Uncle Eddy's E-mails -- August 21
Saint Pius X,
(entered heaven in 1914)
Starting college is like starting a new volume in your autobiography. Right now it is full of crisp, blank pages. Each day you will write something on those pages by the decisions you make and the habits you form. At the end you will have four years' worth of virtue, beauty, and worthy memories – or else pages and pages scribbled with self-indulgence, wasted time, and regrets. Every day, with all its opportunities and challenges, makes up part of your story, and only you can determine how it goes. I would offer you one little observation in that regard: it will help immensely to remind yourself that God is lovingly interested in each one of those pages and in what gets written on them. You may even want to start writing something like "God cares!" at the top of the page when you're taking notes in class to remind you of this. He really does; and he has something great in store for you. All he needs is for you to do your best and follow his lead, and you will discover it.
Today's saint is a marvelous example of cooperating with God's providence. Giuseppe Sarto was a peasant boy from northeastern Italy. A good student, well liked, and with a lively faith, his parish priest recommended that he be sent to the seminary in Padua. It was a great sacrifice for his poor family to let him go, but they accepted it with faith. The young man always dedicated himself with good cheer to his formation, as difficult as it often was. God blessed him with a deep, vibrant charity and a sure, pastoral prudence. From the very beginning, his ministry was marked by a concern for the poor and an uncompromising dedication to prayer. Everywhere his bishop sent him, he renewed the faith of the people. Eventually, he himself was made bishop of Mantua, a diocese in terrible straits. So wisely and quickly did he set things in order (spiritually and materially) that the Pope appointed him to the grand Patriarchate of Venice, which he nobly served for ten years, before being elected Pope himself in 1903.

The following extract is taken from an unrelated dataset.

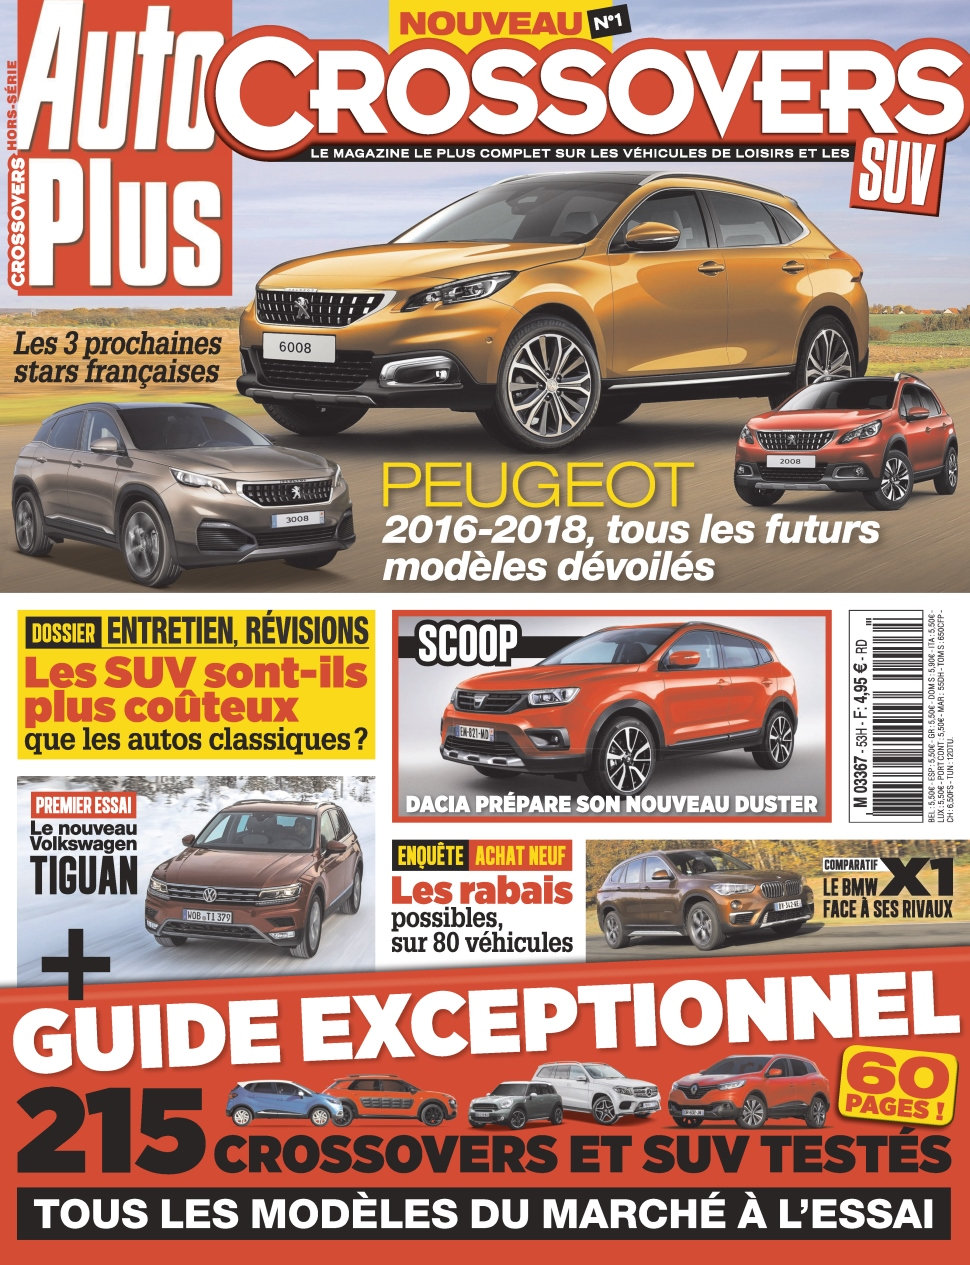 Auto Plus Hors Série Crossovers N°1 - 2016

For centuries, Popes had been drawn from the ranks of scholars and diplomats, but here, much to the world's surprise, was a simple peasant priest. To the end of his days the regalia and protocol of high office burdened him, but his love for the Church and for Christ prompted him to set in motion a renewal whose ripples continued to spread even into the Second Vatican Council. He authorized the movement for liturgical reform, for more frequent communion, for a rejection of modern atheistic philosophies, and for many other religious and diplomatic causes that shone brilliantly in an age darkened by the imminence of war. Indeed, it was the outbreak of World War I, which he had predicted even to the month and year, which finally broke down his indomitable verve. Upon the declaration of war, he said, "This is the last affliction that the Lord will visit on me. I would gladly give my life to save my poor children from this ghastly scourge." Give his life he did, just a few days later, though the scourge raged on.
You will find a thorough biography of Pope St Pius X inspiring reading as you begin this new stage of life. It will help you throw yourself heart and soul into everything God asks of you, making every page a worthy tale – which is the best (and only) way to brave the great adventure of life.